AS public anger rises with each new atrocity committed, the solution appears quite simple.

Internment the answer to our soaring crime rates

Faced with anarchy in the earliest days of the Free State, the new government dealt with the situation clinically and with speed. Convicted perpetrators were executed and a population which was far more devout than today’s accepted this solution with pragmatism and little protest.

Eamon de Valera maintained this stance through the 1930s and was also supported by the general public. The results gave clear evidence of the success of such policies as the nascent State entered a period of stability.

In 1956 there were only two murders in the whole year at a time when wealth was minimal compared to the present day.

While the extent to which the death penalty may be viewed as a deterrent must always be subjective, it is beyond argument that the individual concerned can never cause misery again.

Of course we are hamstrung, for now, by EU membership which prohibits capital punishment and its lesser cousin, the birch.

No doubt many would quite happily vote to quit the EU were the opportunity presented to them with the many benefits that might emerge from such an occurrence.

While it is conceivable that public demand will lead to such a volte face if the murder and other serious crime rates continue to soar, an interim remedy is still required.

Internment is a word with historically negative connotations, but the removal of the 200 or so of the worst scumbags, whose identities are well known to the gardaí, would have a dramatic effect.

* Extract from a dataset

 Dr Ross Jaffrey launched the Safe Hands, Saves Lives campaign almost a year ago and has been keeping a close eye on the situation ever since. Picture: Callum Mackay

A league table of sorts, but with relegation from the top down. Lock them up in spartan conditions away from the rest of us and see how quickly crime subsides.

Keep adding to their numbers if necessary until the message gets through. Add in zero tolerance for lesser crimes and watch as those responsible cease progressing to the next level as evidenced in New York in recent years.

Unending liberalism from lawyers, judges, politicians and human rights lobbyists has landed us in this mess and rather than have the decency to hold their hands up, their only grand idea is to become even more liberal.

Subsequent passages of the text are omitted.